More than half of all the guidelines did not meet SDM quality criteria. Those that explored it were more recently reported. There is an urgent need for promoting SDM in guidances concerning BC screening issued by institutions, professional associations and medical journals.

摘要

背景

共同决策(SDM)是循证和以患者为中心护理的关键组成部分。本研究旨在系统地审查有关乳腺癌(BC)筛查的临床实践指南(CPG)和共识声明(CS)中 SDM 建议的质量。

方法

无语言限制,使用前瞻性计划的系统搜索(MEDLINE、EMBASE、Web of Science、Scopus 和指南网站),从 2010 年 1 月至 2020 年 8 月,确定指南。

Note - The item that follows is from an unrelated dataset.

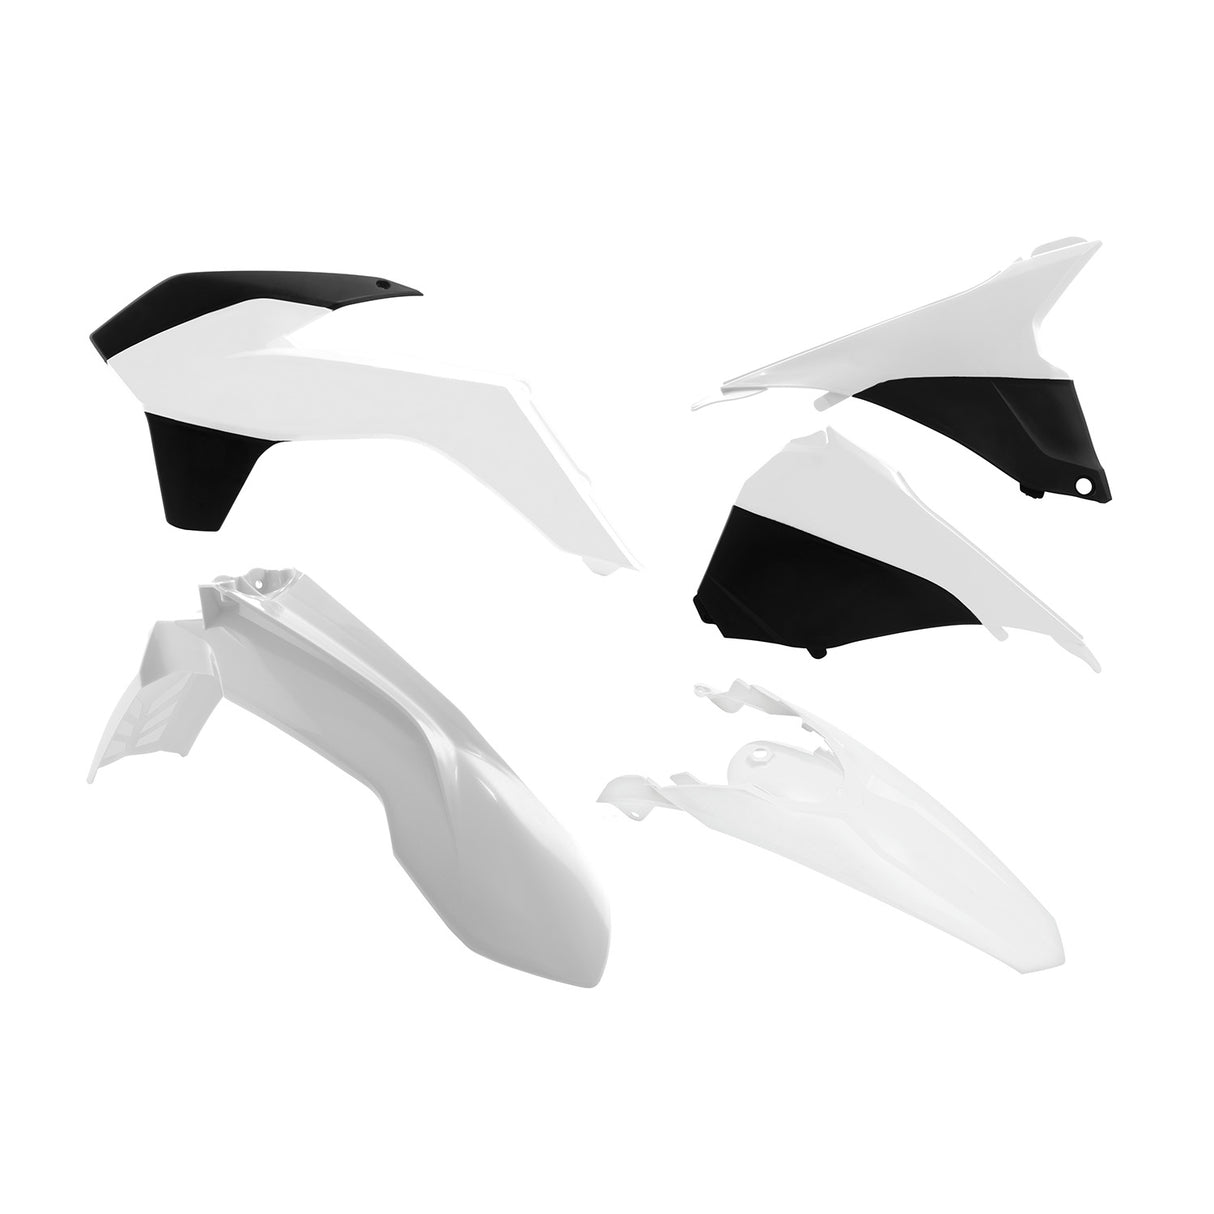 Rtech Plastic Kit (5pc) With Air Box Cover (White-Black) KTM EXC-EXCF125-200-250-350-450-500 14-16

使用 31 项 SDM 质量评估工具进行重复数据提取;审查员的一致性为 98%。

结果

SDM 仅出现在 38 份(49.4%)(33/68 CPG,4/9 CS)文件中(整体符合质量工具:平均值 5.74,IQR 3-8)。特别提及 SDM 术语的 CPG 和 CS(n=12)质量更高(平均值 6.8,IQR 4-9 与平均值 2.1,IQR 0-3;P=0.001)。比较 CPG 和 CS 时,质量平均值没有差异(3 与 1.6;P=0.634),系统评价的使用(4.2 与 2.9;P=0.929)和在期刊上发表(4 与 1.9;P=0.094)。有 SDM 的指南比没有 SDM 的指南更新(平均值 41 与 57 个月;P=0.042)。

结论

超过一半的指南不符合 SDM 质量标准。那些探索它的指南是最近发布的。机构、专业协会和医学期刊发布的关于 BC 筛查的指南迫切需要促进 SDM。